The authors utilize rigorous mathematical proofs and techniques to validate their findings, although specific computational resources or training compute are not disclosed, as the focus is on theoretical advancements.

Results
The paper reports significant improvements over existing benchmarks in the respective areas of study. For instance, the new lower bound on the maximal Gaussian perimeter surpasses previous results, although exact numerical values are not provided in the abstract. The sharper (L_2)-(L_1) inequalities demonstrate a marked improvement in the constants involved, which could lead to tighter bounds in applications. The strengthened autoconvolution inequality is expected to yield better performance in probabilistic models. The asymptotic bounds for (g)-Sidon sets are shown to be optimal, providing a definitive answer to a long-standing question in combinatorial number theory. The optimal balanced Szarek’s inequality also represents a significant theoretical advancement.

Limitations
The authors acknowledge that their findings are primarily theoretical and may require further empirical validation in practical applications.
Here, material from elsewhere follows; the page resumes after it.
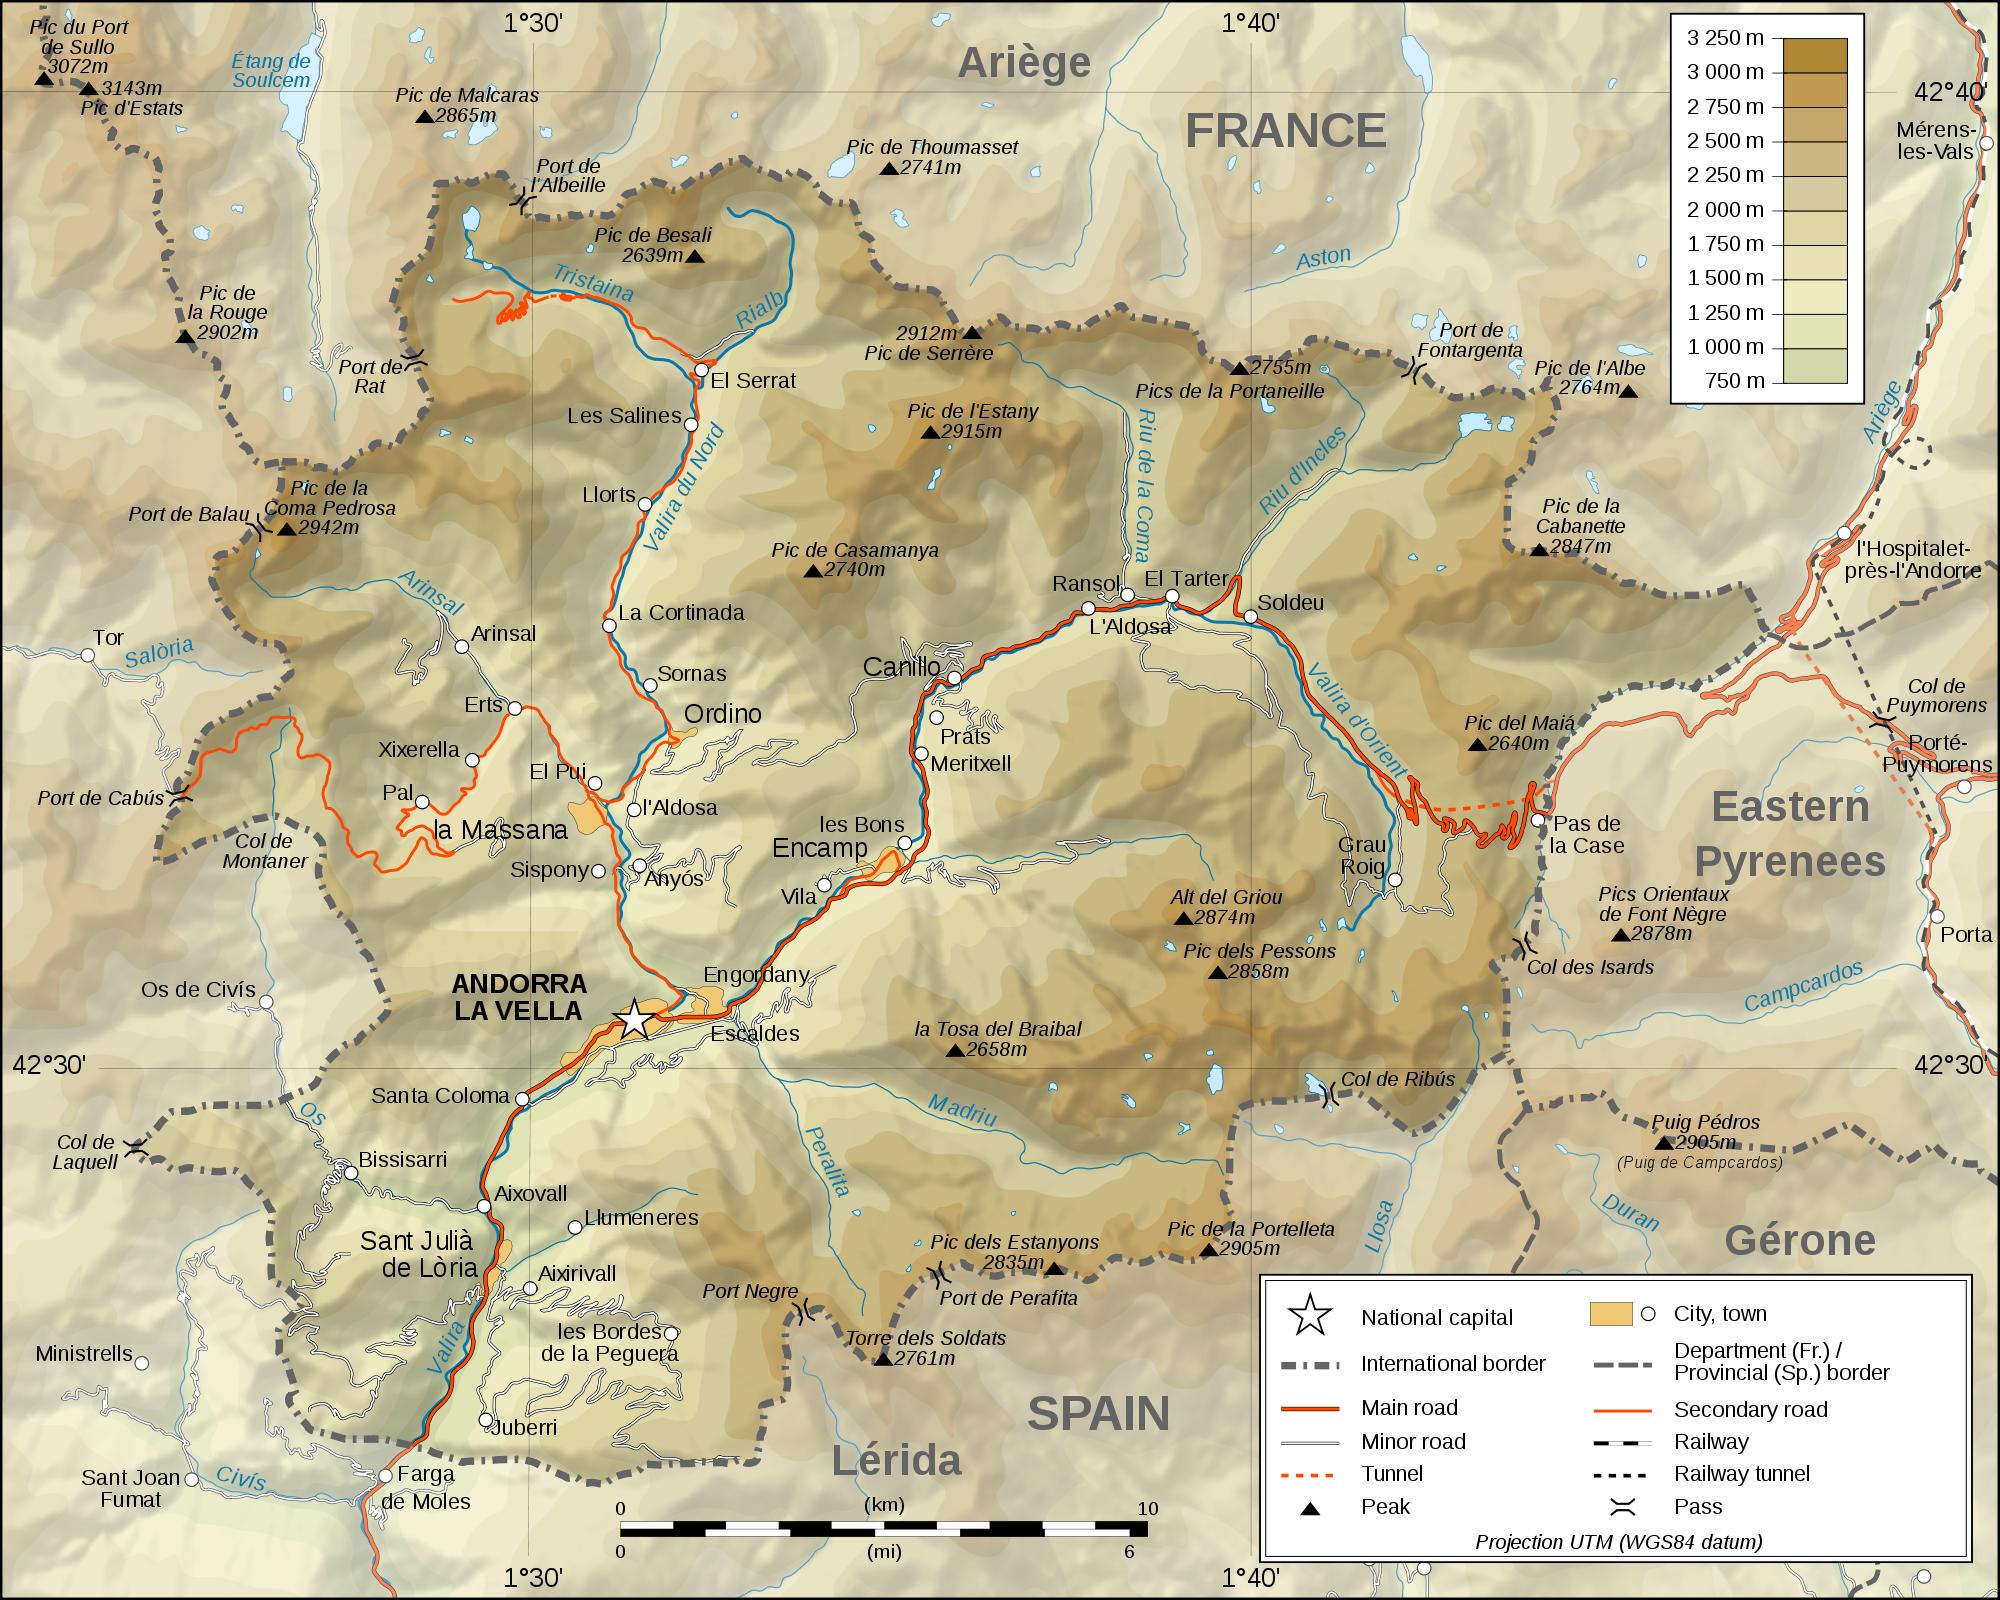 Mapa físico de Andorra 2009

They do not address potential limitations related to the applicability of these inequalities in high-dimensional settings or the computational complexity of deriving these bounds in practice. Additionally, the implications of these inequalities in real-world machine learning scenarios remain to be explored.

Why it matters
The discoveries reported in this paper have substantial implications for both theoretical and applied mathematics, particularly in fields that rely on convex analysis and combinatorial optimization. Improved inequalities can lead to enhanced algorithms in machine learning, particularly in areas such as feature selection, dimensionality reduction, and probabilistic modeling. The results may also inspire further research into the geometric properties of high-dimensional spaces, which is critical for understanding the behavior of modern AI systems.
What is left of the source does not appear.